Validation of the protocols based on measured particle masses, particle contents and molar ratios

Given the dual role of the media on the extraction efficiency and the instrumental detection limits, the use of particle masses and particle contents is necessarily more nuanced for optimizing the particle extractions. In this case, particle masses and particle contents were compared with the assumed least aggressive extraction, i.e. ultrapure water. Our hypothesis was that, with respect to the extraction in water, particle mass gains would indicate an agglomeration, while particle mass losses would be indicative of dissolution. Similarly, changes to the proportions of Hg[thin space (1/6-em)]:[thin space (1/6-em)]HgSe NP with respect to what was observed in water or variations in the Se[thin space (1/6-em)]:[thin space (1/6-em)]Hg ratios would be indicative of selective perturbations of the Hg species.

Significant differences were observed among the particle mass distributions obtained using the different extraction methods (one-way ANOVA, Tukey's HSD post-hoc testing, α = 0.05) (Table 2). While all methods showed some differences, when compared to the particle masses in water, the mass of Hg single element particles was closest for the lipase extraction, differing by only −6.7 fg (p = 0.375), while the proteinase protocol showed a moderate deviation from the water protocol (−14.7 fg, p = 0.017). Formic acid showed a moderate increase (+20.3 fg, p = 0.002), while TMAH showed the largest differences with respect to water, with much larger (but far fewer) particles being observed (+72.5 fg, p < 0.001). On the other hand, for determinations of the HgSe particle mass, the lipase protocol (−5.8 fg, p = 0.803) and the proteinase protocol (−14.3 fg, p = 0.202) showed apparent decreases, which were not significant. Finally, formic acid showed a substantial increase compared to water (+33.1 fg, p < 0.001). The largest positive deviation with respect to water (+96.2 fg, p < 0.001) was observed when extracting the HgSe particles with TMAH. Indeed, the TMAH extraction yielded distributions with fewer but substantially larger particles, suggesting that agglomeration was occurring. Such observations are consistent with a recent study,30 which suggested that the TMAH extraction of tissues can substantially alter particle number and particle mass distributions, resulting in significant transformations of the target nanomaterials.

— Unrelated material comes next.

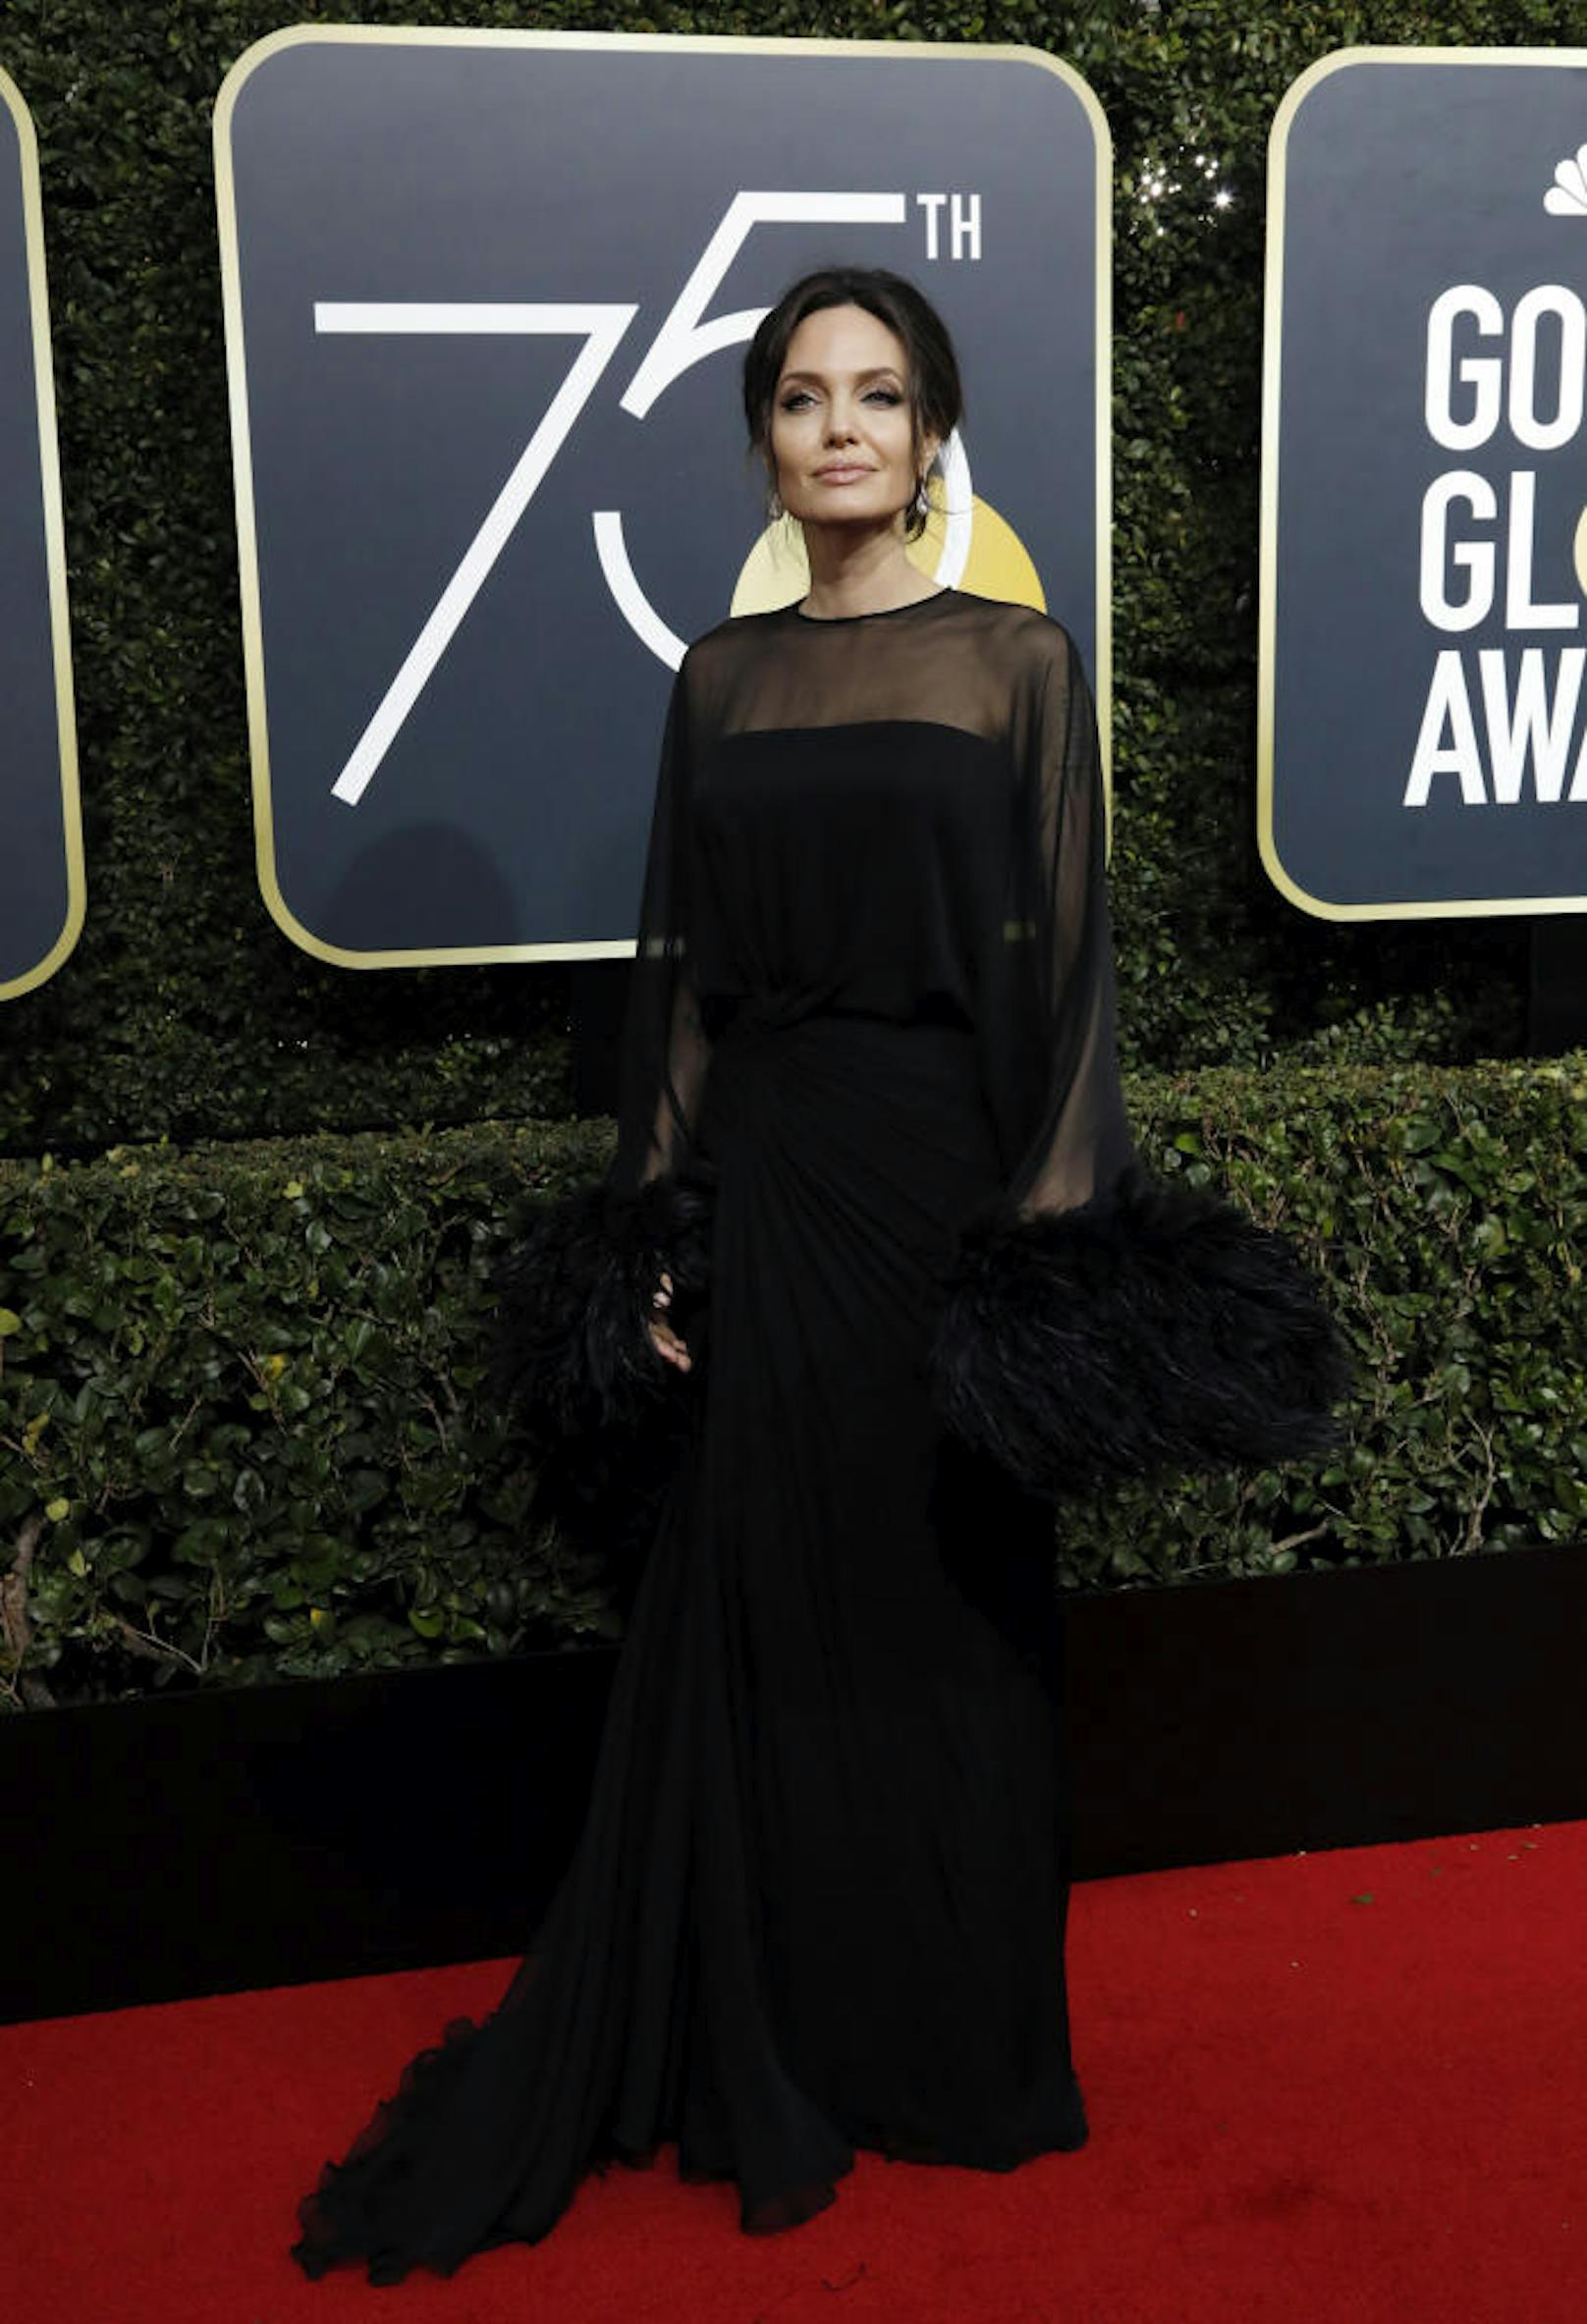 Auch Angelina Jolie hat in Schwarz schon größere Auftritte hingelegt, obwohl man zugeben muss, dass die Versace-Robe mit dem Feder-Detail äußerst elegant wirkt.

Table 2 Differences between particle masses in the extraction media with respect to the ultrapure water control (one-way ANOVA, Tukey's HSD post-hoc testing, α = 0.05). 3 biological replicates and 3 analytical replicates were analyzed per method. For the values in bold, masses and diameters were not significantly different from water extracted values
Method Hg mass vs. water (fg) HgSe mass vs. water (fg)
TMAH +72.5 (p < 0.001) +96.2 (p < 0.001)
Formic acid (HCOOH) +20.3 (p = 0.002) +33.1 (p < 0.001)
Lipase −6.7 (p < 0.375) −5.8 (p = 0.803)
Proteinase + lipase −14.7 (p < 0.017) −14.3 (p = 0.202)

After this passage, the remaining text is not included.